**DATA EXTRACTS**
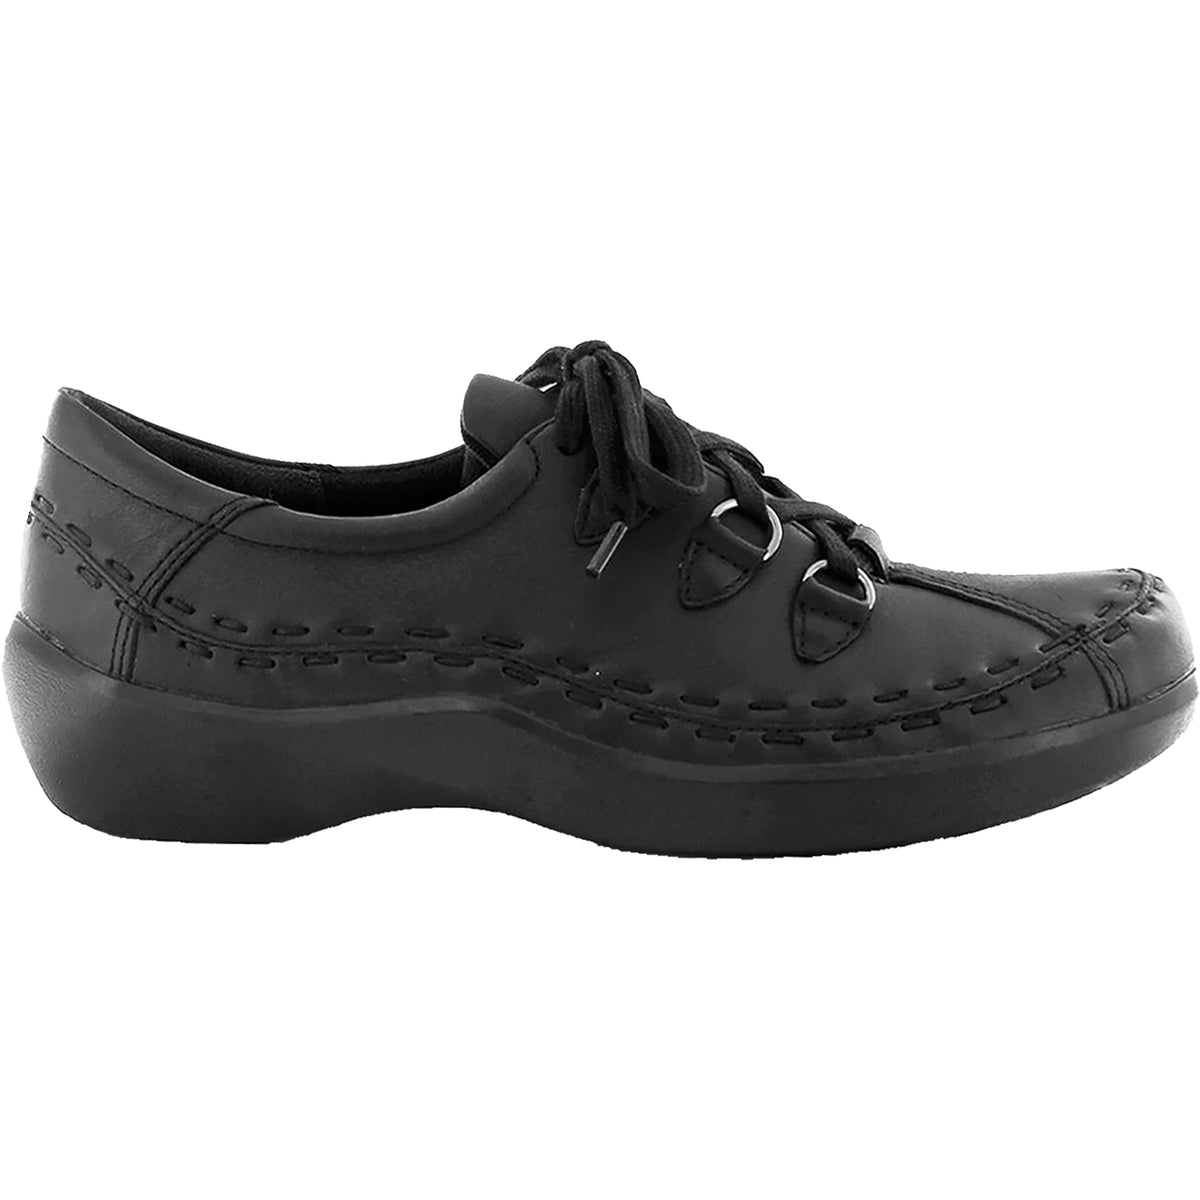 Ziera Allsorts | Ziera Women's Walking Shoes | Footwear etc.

...

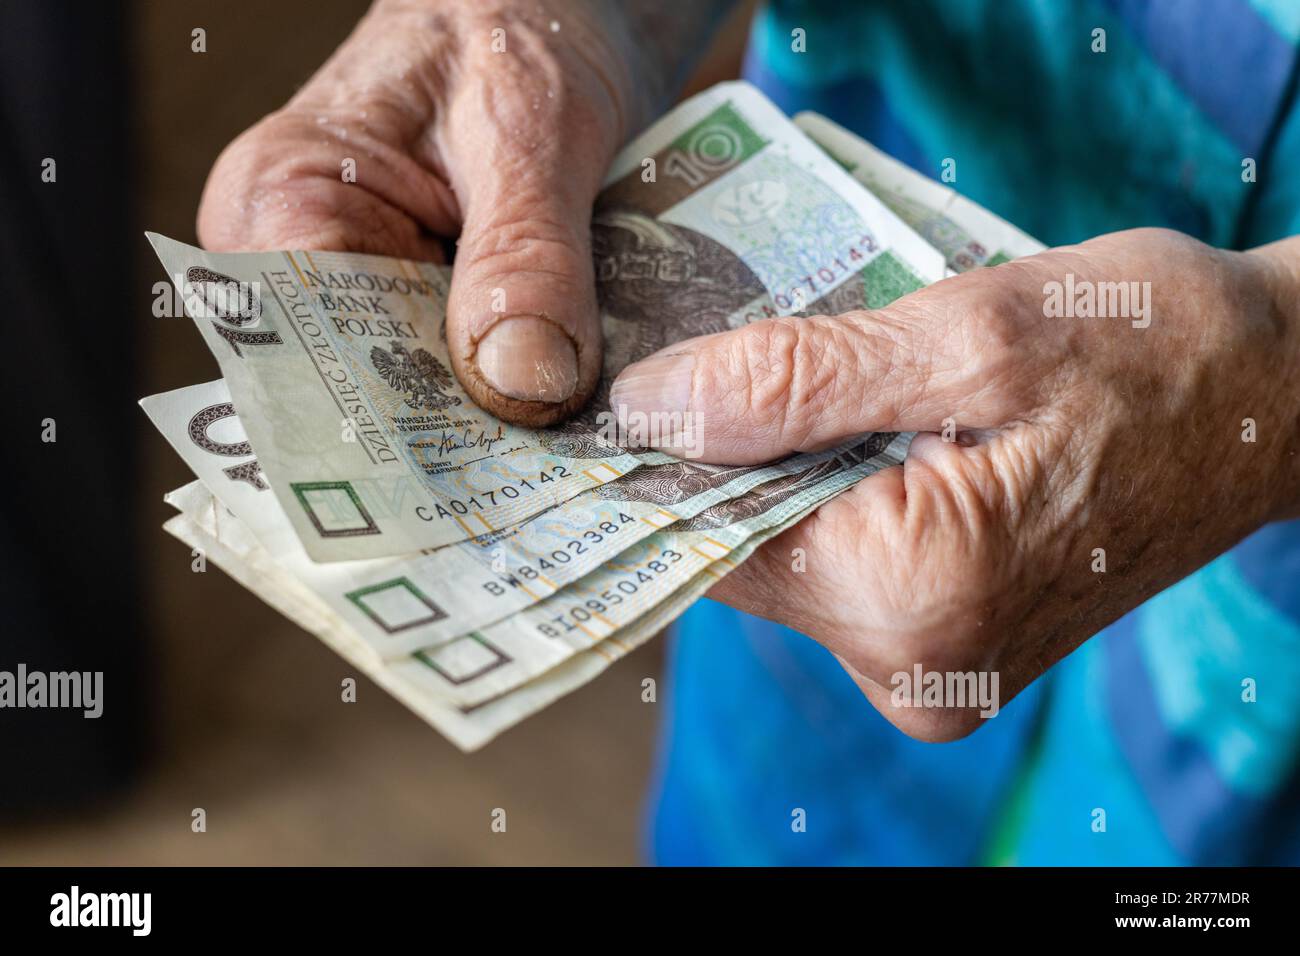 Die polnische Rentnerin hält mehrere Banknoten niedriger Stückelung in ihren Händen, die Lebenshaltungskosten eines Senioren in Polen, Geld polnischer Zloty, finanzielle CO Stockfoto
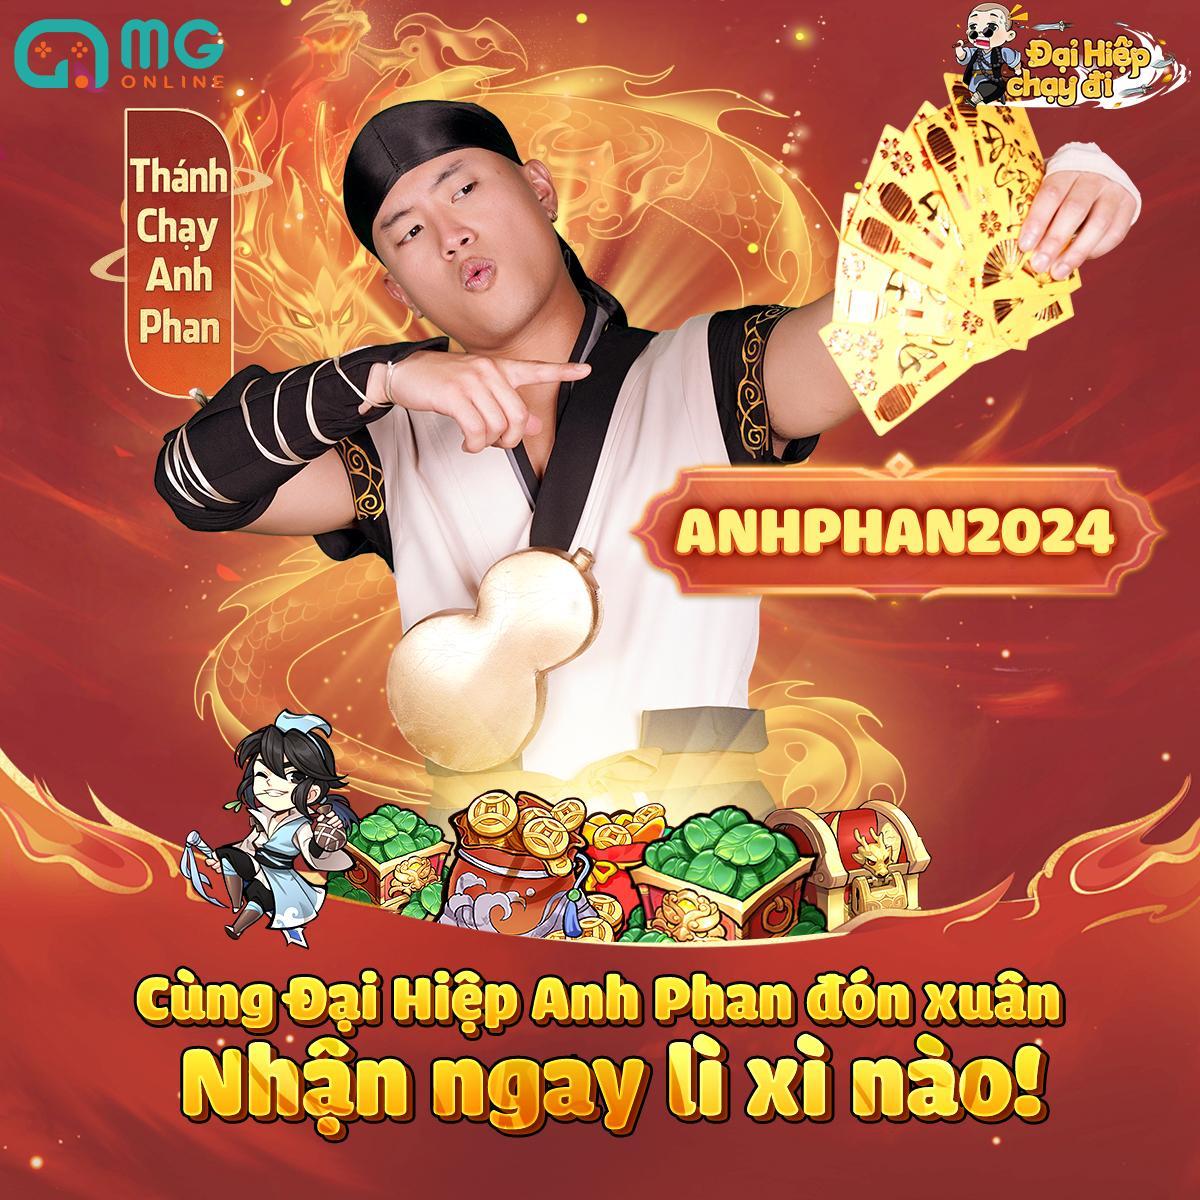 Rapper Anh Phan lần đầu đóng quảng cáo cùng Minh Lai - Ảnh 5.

**PROBLEM DESCRIPTION**
From the material above, output only the span of lines that starts at the one containing "Die polnische Rentnerin" and finishes at the one containing "Rapper Anh Phan", word for word and free of pictures.

**EXERCISE SOLUTION**
 Die polnische Rentnerin hält mehrere Banknoten niedriger Stückelung in ihren Händen, die Lebenshaltungskosten eines Senioren in Polen, Geld polnischer Zloty, finanzielle CO Stockfoto
 Rapper Anh Phan lần đầu đóng quảng cáo cùng Minh Lai - Ảnh 5.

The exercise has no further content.